The printed circuit board (pcb) is to be found in almost all electronic devices including mobile phones, i-pods, computer mother boards, TVs, calculators, washing machines, radios and car electronics. A pcb is a rugged and effective way of wiring-up electronic components to create electronic devices.

The basic pcb consists of a thin laminate or fibreglass board covered on one side with a thin layer of copper. The copper is etched to form a complex circuit of 'tracks' which are used to wire-up and interconnect the electronic components attached to the board. Modern pcbs in mobile phones and computers, usually consist of a number of very thin boards sandwiched together to make a complex multi-layer pcb.

The pcb track pattern is made by etching away the unwanted copper to leave the desired interconnections. Firstly an etch-resistant pattern - the resist - is drawn on to the copper. This can be painted on using a suitable marker pen or screen print techniques can be used. The pcb is then placed in an etch which will remove all the bare uncovered copper, leaving the covered copper (the tracks) untouched. The steps to making a pcb are shown in the photos and include:

1) Cut the pcb to the correct size and clean to remove all dirt and grease
2) Drawn on the resist artwork pattern, shown in blue (I wrote 'The Mole' and 'RSC' and draw in three pads / connections for a resistor, LED and battery)
3) Etch for 10 to 15 minutes
4) Remove from etch and wash
5) Remove resist with solvent to reveal the copper tracks (see forth photo)
6) Drill and fit components through the holes
7) Solder components leads to the copper tracks. With the pcb turned over you can see the simple LED circuit on the fibre side of the board.

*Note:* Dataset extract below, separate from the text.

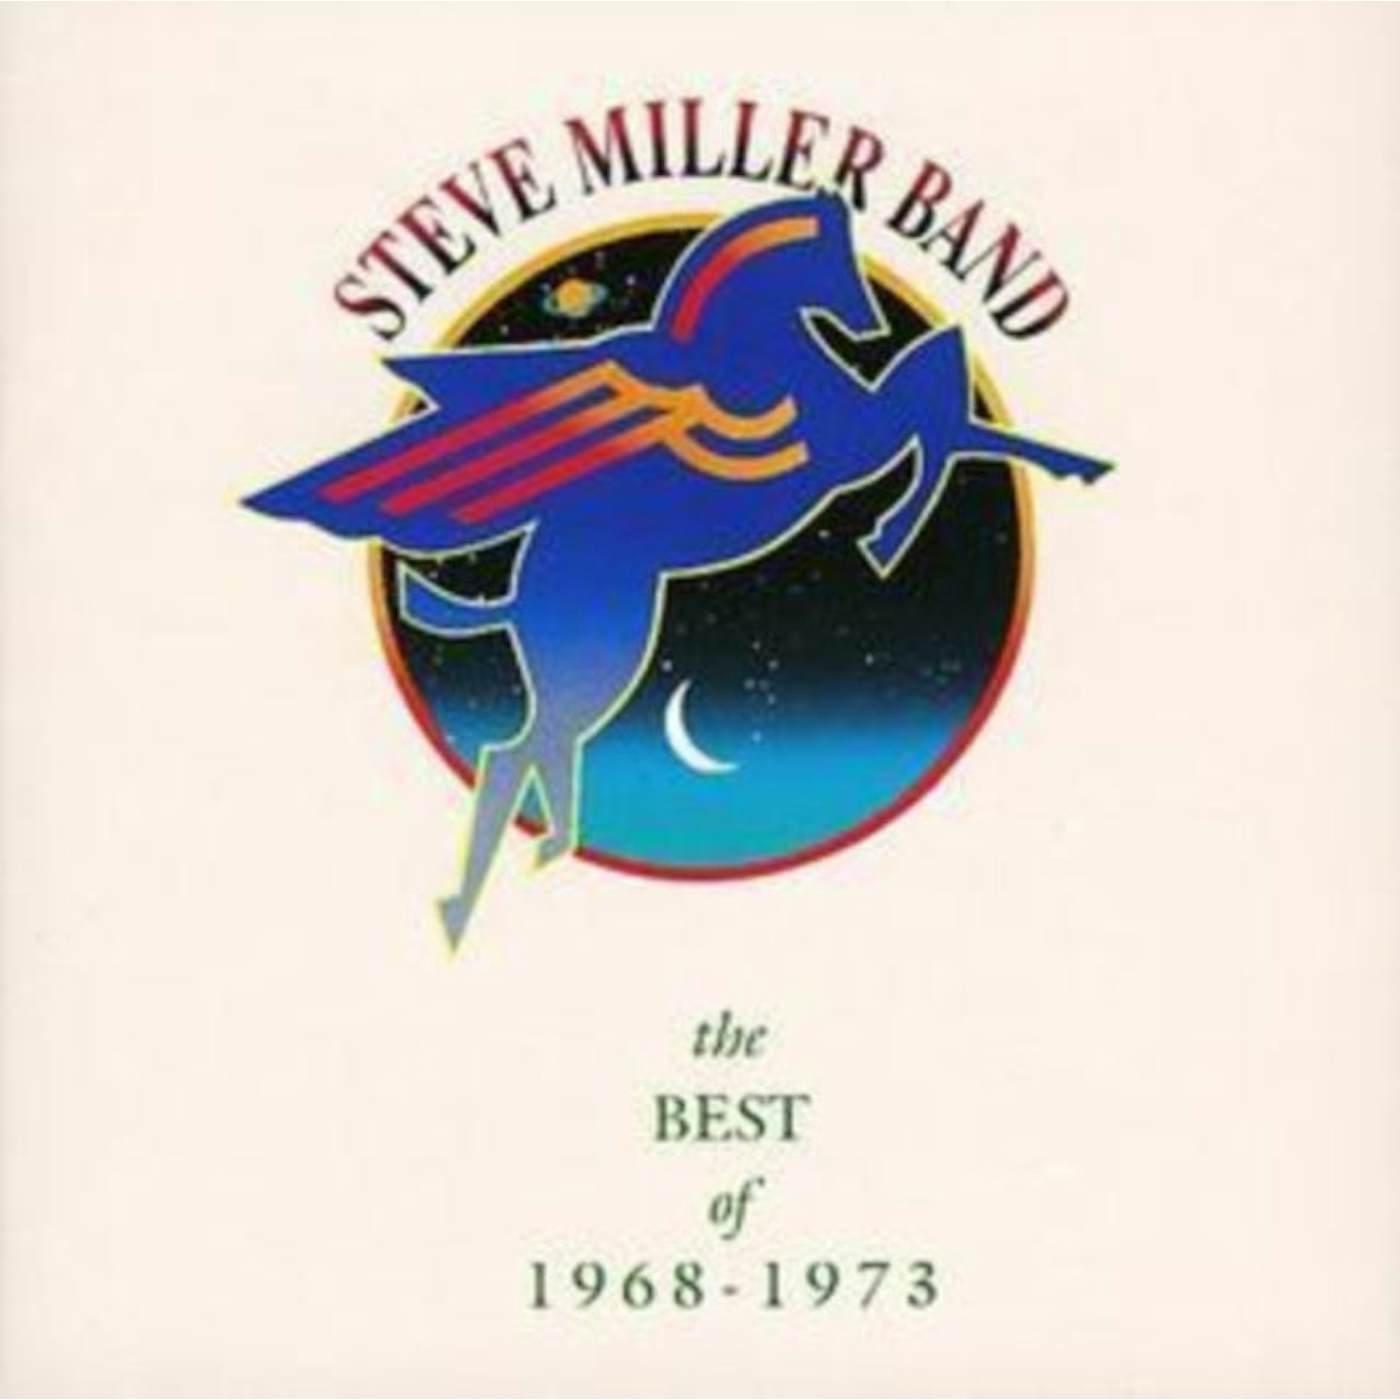 Steve Miller Band CD - Best Of 19 68 To 19 73
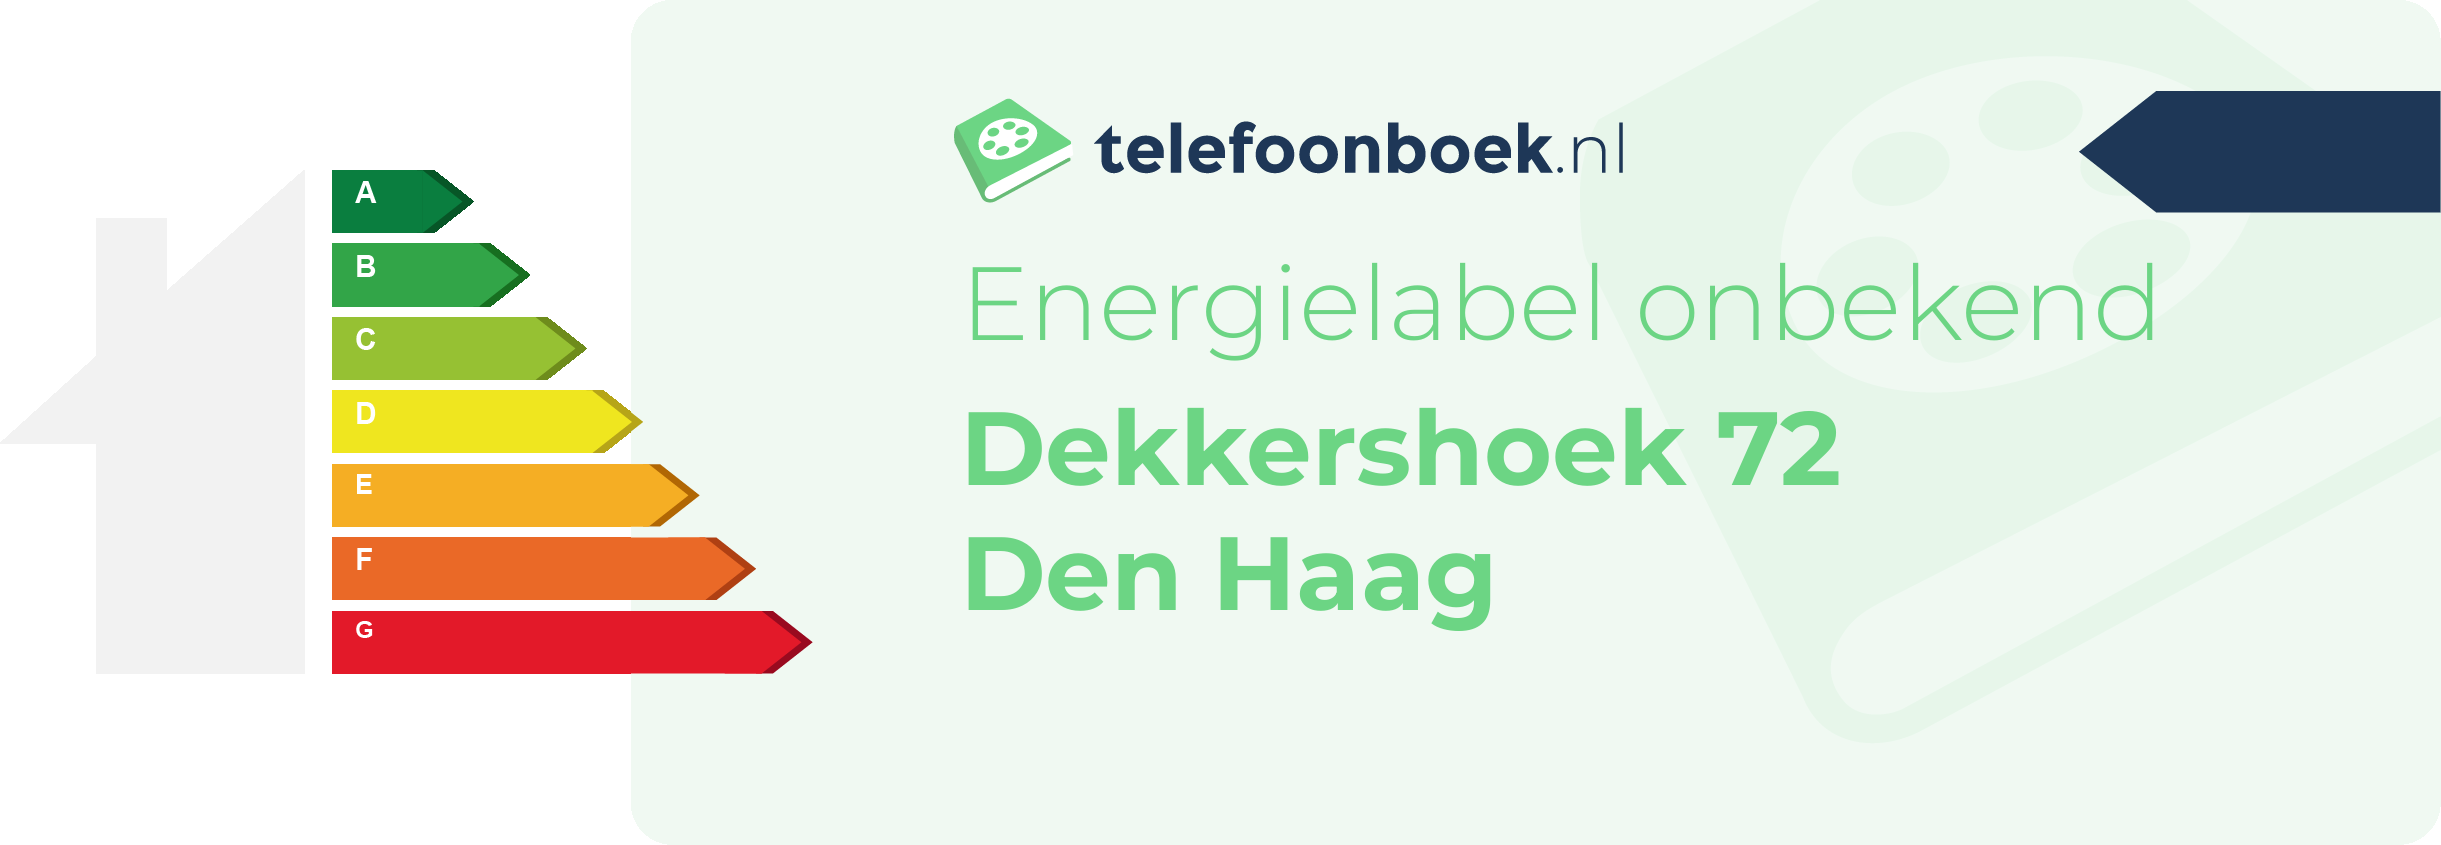 Energielabel Dekkershoek 72 Den Haag

Various chemicals can be used as an etch to remove the copper. Nitric acid and ammonium persulphate can be used but ferric III chloride is standard. The reaction of copper with FeCl3 is a two step redox reaction:

FeCl₃ + Cu → FeCl₂ + CuCl

FeCl₃ + CuCl → FeCl₂ + CuCl₂

Warming and agitating the etch solution (using vibrations and air bubbles) can greatly speed-up the process and produce a cleaner finish. After etching, cleaning and drilling, the pcbs are often dipped in a stannous chloride (SnCl₂ ) compound to deposit a thin film of tin on the copper tracks. This provides a surface that does not tarnish as quickly as the pure copper but is still easy to solder. In addition to the chemical etching methods, modern CNC micro-milling machines are also being used to create pcbs. Channels can be cut into the bare copper using a tiny cutting tool to create complex tracks and wiring circuitry.